Documentation: We recommend sharing a set of key cohorts with your organization, to ensure that you align on key definitions of user behavior that are important for your business (eg: New Users, Power Users). We also recommend adding descriptions to such cohorts, to share context with your team.
Exporting and Integration: You can download the list of users in any Cohort as a CSV via the Cohort Builder. You can also push cohorts to 3rd-party destinations like Segment, Braze, or a Custom Webhook.

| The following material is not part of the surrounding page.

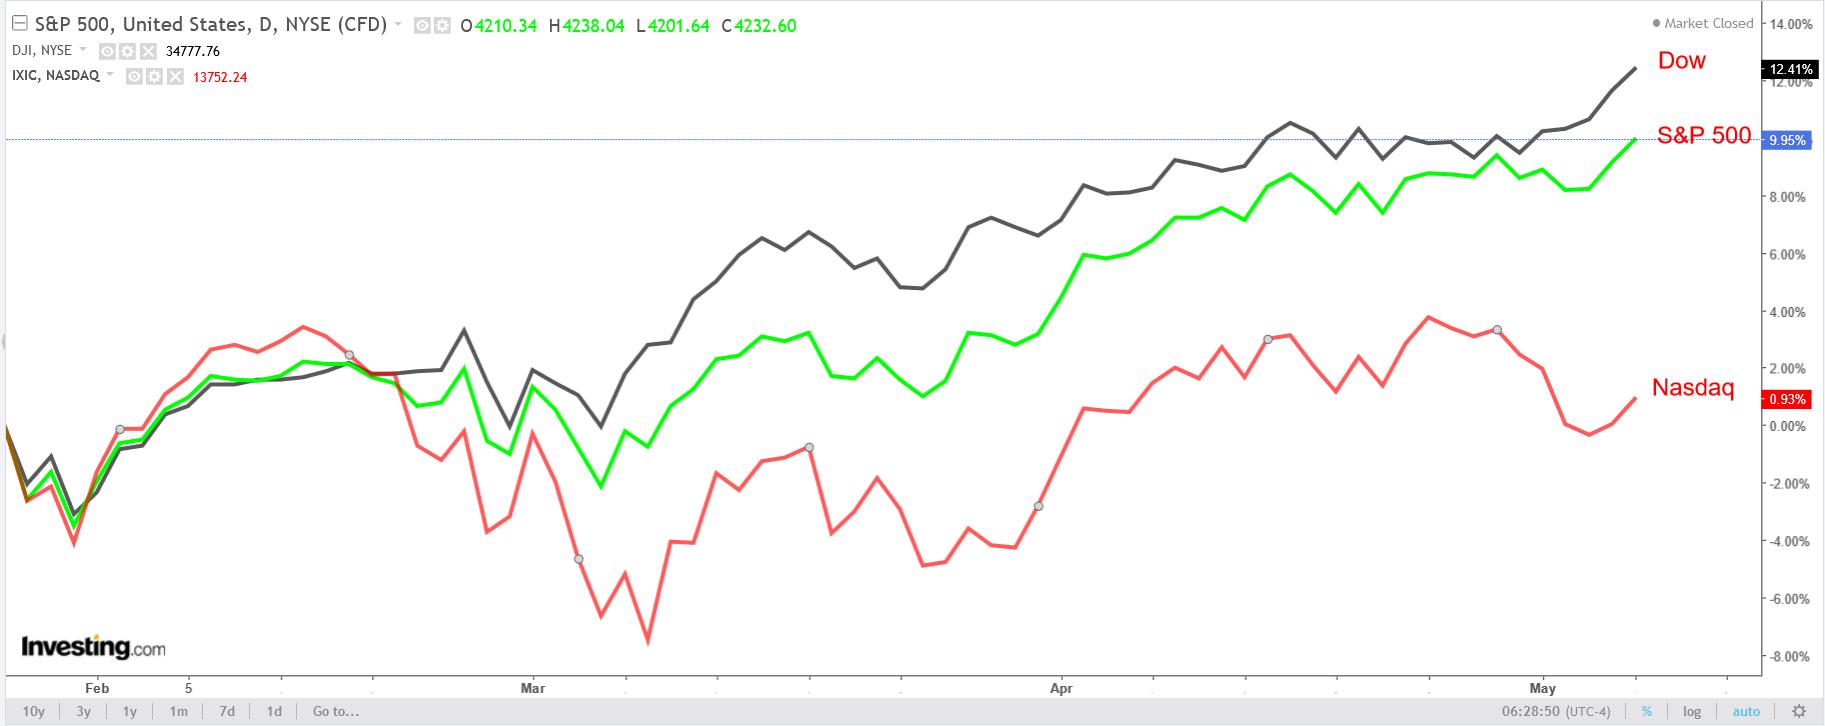 Graphique quotidien DOW, S&P 500 et NASDAQ

Troubleshooting Common Issues
Identity Matching Problems: If your CSV upload creates new accounts instead of matching existing users, ensure your distinct_id values exactly match those used in your events. The value needs to match the distinct_id property's value (or the value for the Group Key's Group ID) that you're sending on your events.
Using Alternative Identifiers: In Mixpanel's Simplified ID Merge system, the $user_id property is used to identify authenticated users, while $device_id is used for anonymous users. When both properties are present on an event, Mixpanel automatically merges the identities.
Conclusion
Mixpanel cohorts are essential for understanding user behavior patterns and making data-driven product decisions. Whether you're analyzing user retention, comparing feature adoption across different user groups, or identifying high-value customer segments, cohorts provide the precision and flexibility needed for meaningful analysis.

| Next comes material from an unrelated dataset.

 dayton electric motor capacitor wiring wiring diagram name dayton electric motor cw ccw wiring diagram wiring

By mastering the three creation methods – report visualizations, cohort builder, and CSV upload – you can efficiently organize your users into actionable groups. Remember to leverage cohort sharing and documentation features to ensure your entire team benefits from these valuable user insights.
Start with simple behavioral cohorts like "active users" or "new signups," then gradually build more sophisticated combinations as you become comfortable with the platform. The key is to align your cohort definitions with your business objectives and use them consistently across your analysis workflows.